Bubbly, electronic tones are interrupted by hushed and fuzzy background notes on Akasaka Sad. Sawayama told Genuis, "I wrote this song in my favourite hotel in Akasaka. It’s a very non-descript hotel, but I choose to stay there rather than at my family home because I feel freer. I always hope that Tokyo will make me feel happier but it doesn’t, and the song is about how depression follows you around wherever you go."The music is texturized with synth pop and consonantal alliteration of the lyrics "Akasaka sad // 'Cause I'm a sucker, sucker, so I suffer //Akasaka Sawayama // Just like my mother." "This is a reference to Dynasty and the familial roots of depression and mental health issues," she told Genuis lyrics. The intonation lends to its catchy and vibrant harmony. Plus, the complex arrangement makes the track's tonality compelling. In her Genuis interview, she translated the Japanese lyrics: "From country to country // I hear tragic symphonies // Everyday searching // For a pain that turns into happiness."

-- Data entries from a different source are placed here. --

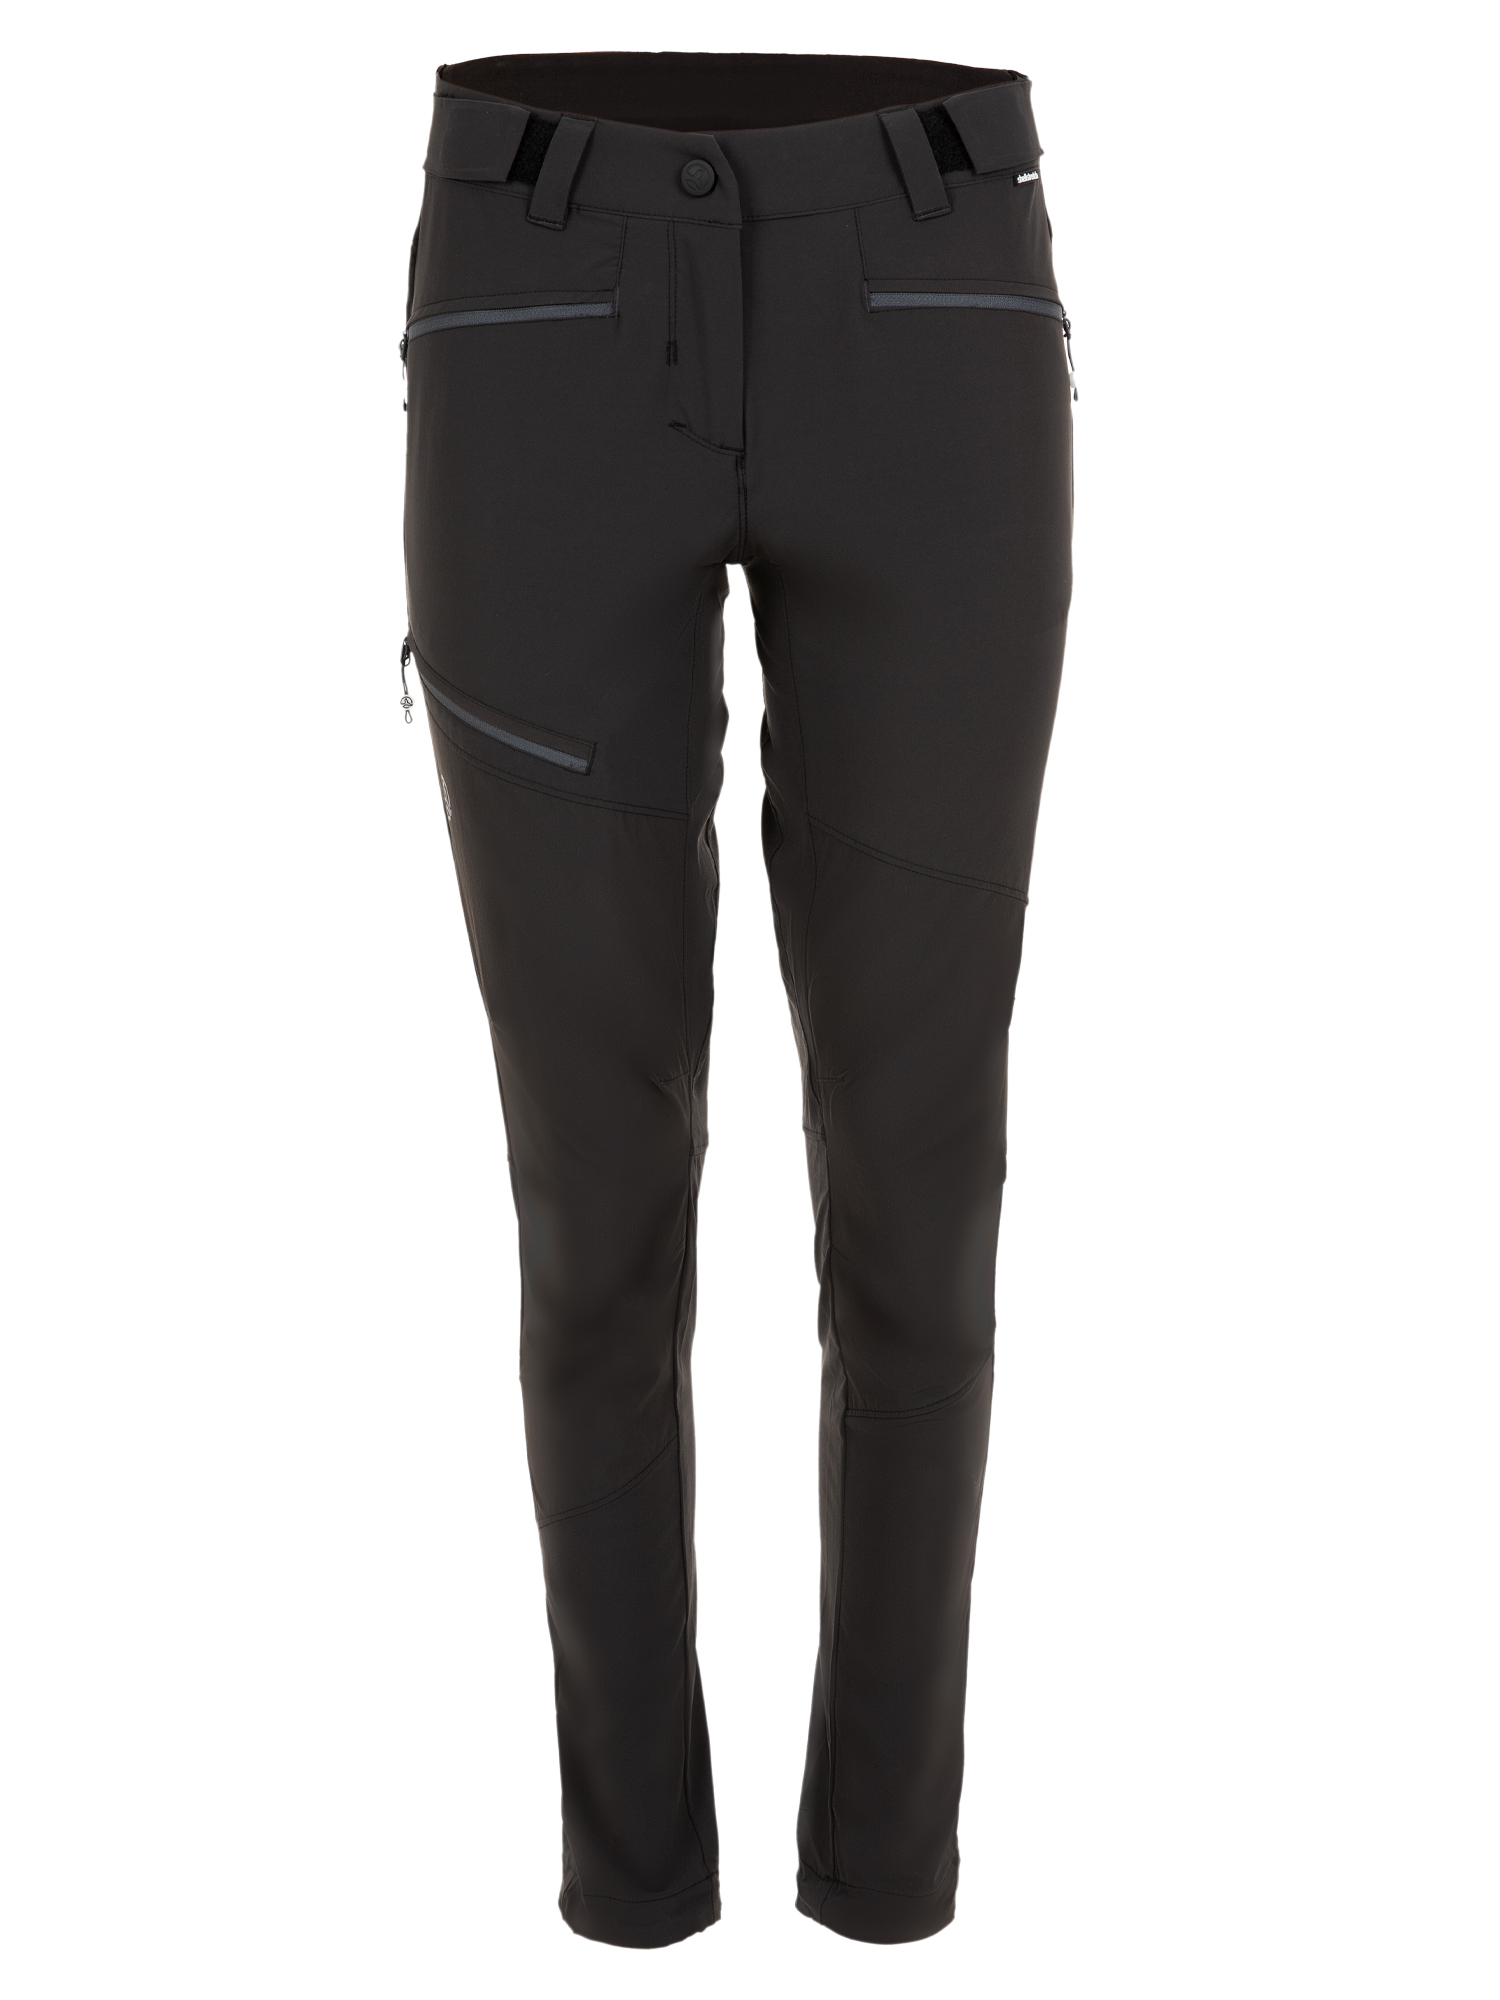 Спортивные брюки женские Ternua Rotar Pt W черные XL
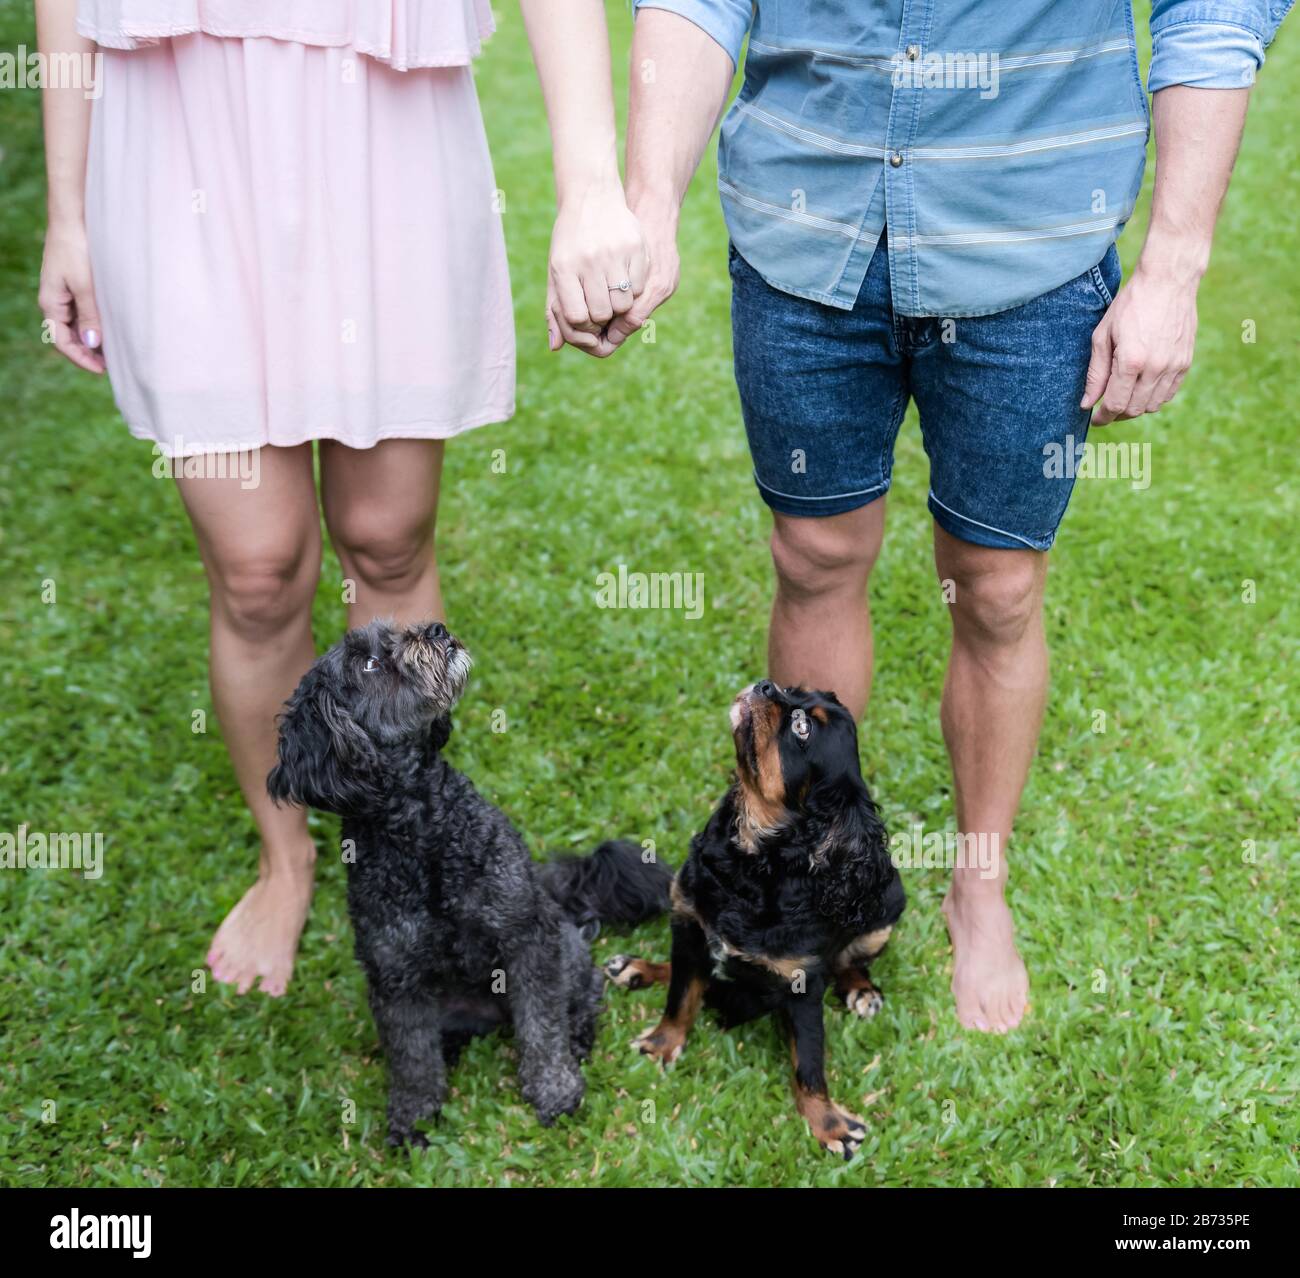 Portrait d'engagement familial présentant la moitié inférieure d'un couple engagé avec ses chiens d'animal de compagnie très intéressés dans un champ herbacé à Cairns, dans le Queensland. Banque D'Images
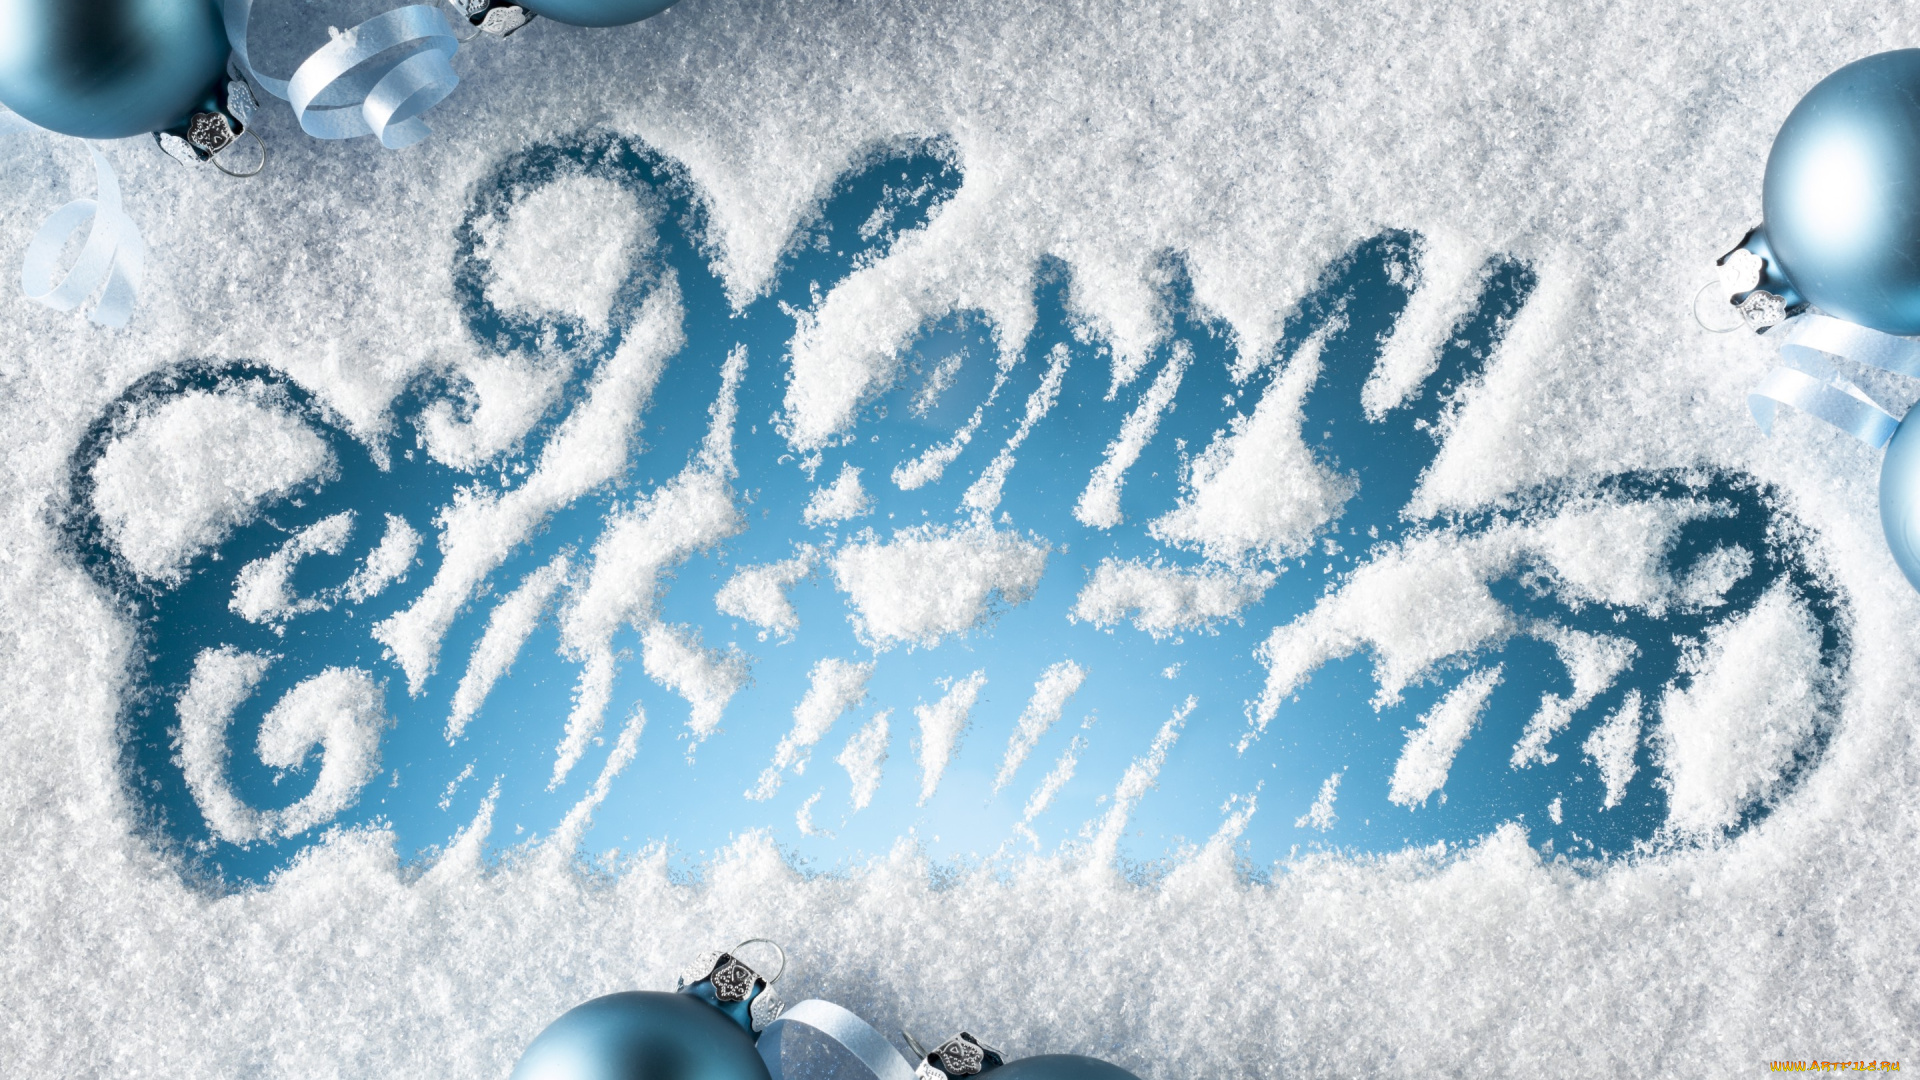 праздничные, -, разное, , новый, год, шары, снег, рождество, украшения, snow, merry, christmas, decoration, balls, новый, год, winter

Tokyo Love Hotel ~ retro-pop love song about Tokyo and Sawayama's Japanese heritage. She told Genuis lyrics, "This song is about peoples obsession with Japanese culture that hardly ever extends to the welfare of the people who live there...I’ve always been very careful of how much Japanese iconography I include in my visuals, because it’s been done over and over again by people who are not Japanese. It didn’t feel right – too basic perhaps – for me to use my culture in my music, but this felt totally unfair. Why can’t I express my culture? This song is about my selfish frustration with people taking and using my culture and not leaving any for me."

Who's Gonna Save U Now? puts you in a concert atmosphere. It's like saying 'I'm here but you're there' as she reminds someone that they "burned the bridges." The track has this 80s electric performance vibe with charasmatic vocal runs. She told Paper magazine that, "On this record, it felt like the lyrics and melody were guiding the genre wherever it wanted to go. Like "Who's Gonna Save U Now?" was not stadium rock. It started off like, 90s, Max Martin vibes. Then I'd watched that Queen movie [Bohemian Rhapsody] and A Star Is Born and I was like, it just needs to be stadium rock." In many interviews, Rina Sawayama talks about rock and alternative music influencing her style. Her genre fusions are a mirror reflecting her personal taste and character, commenting on things she's come up against. For example, Rina Sawayama also talks about racism and stereotypes on her album. "I'm sure a lot of people can relate, any marginalized people, like "Yeah, I guess I should dig up all those annoying things that happen to me every day that I have to suppress to keep going with my life," she told NPR.
Another stand out song includes the pop ballad about a "chosen family." Found Family is about people in Rina Sawayama's life who connect to her on a deeper level, even though they're not related. Their emotional connection and common experiences link her to people she's chosen as her "found family." Finally, Snakeskin closes the album with robotic repetition and alliteration meeting techno beats with a haunting piano outro.